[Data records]

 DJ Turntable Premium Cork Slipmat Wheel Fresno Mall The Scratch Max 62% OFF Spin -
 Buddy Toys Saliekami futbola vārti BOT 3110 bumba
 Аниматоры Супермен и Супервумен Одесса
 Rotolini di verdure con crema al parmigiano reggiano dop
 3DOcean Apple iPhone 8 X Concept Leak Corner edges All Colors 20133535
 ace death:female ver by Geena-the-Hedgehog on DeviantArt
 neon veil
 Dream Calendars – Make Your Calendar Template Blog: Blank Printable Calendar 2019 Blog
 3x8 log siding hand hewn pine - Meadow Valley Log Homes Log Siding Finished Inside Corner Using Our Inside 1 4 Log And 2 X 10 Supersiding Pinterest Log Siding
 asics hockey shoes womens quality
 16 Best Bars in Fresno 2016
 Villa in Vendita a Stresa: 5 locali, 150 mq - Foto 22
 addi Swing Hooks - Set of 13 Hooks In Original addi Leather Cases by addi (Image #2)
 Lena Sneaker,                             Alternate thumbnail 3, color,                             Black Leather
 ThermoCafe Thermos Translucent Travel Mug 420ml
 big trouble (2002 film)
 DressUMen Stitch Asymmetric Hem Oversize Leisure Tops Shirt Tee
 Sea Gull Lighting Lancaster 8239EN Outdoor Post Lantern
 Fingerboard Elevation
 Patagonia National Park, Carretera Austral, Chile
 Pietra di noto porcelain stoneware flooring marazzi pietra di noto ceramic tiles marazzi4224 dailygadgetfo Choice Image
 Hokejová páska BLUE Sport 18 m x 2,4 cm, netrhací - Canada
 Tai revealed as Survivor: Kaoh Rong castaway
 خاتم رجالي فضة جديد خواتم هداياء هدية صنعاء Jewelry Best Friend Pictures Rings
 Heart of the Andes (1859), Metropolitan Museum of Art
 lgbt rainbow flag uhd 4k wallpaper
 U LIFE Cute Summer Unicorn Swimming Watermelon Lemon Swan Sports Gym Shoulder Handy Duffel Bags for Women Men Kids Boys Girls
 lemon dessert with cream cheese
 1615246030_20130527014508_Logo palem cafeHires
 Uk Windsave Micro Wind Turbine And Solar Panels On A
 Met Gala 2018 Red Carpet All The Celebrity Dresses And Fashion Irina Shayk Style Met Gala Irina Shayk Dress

▶ [Work to be completed] What are the lines from the one with "lemon dessert with cream cheese" through the end of the records above? Set them down exactly, both ends included, and nothing else.

▶ [Solution to this problem]
 lemon dessert with cream cheese
 1615246030_20130527014508_Logo palem cafeHires
 Uk Windsave Micro Wind Turbine And Solar Panels On A
 Met Gala 2018 Red Carpet All The Celebrity Dresses And Fashion Irina Shayk Style Met Gala Irina Shayk Dress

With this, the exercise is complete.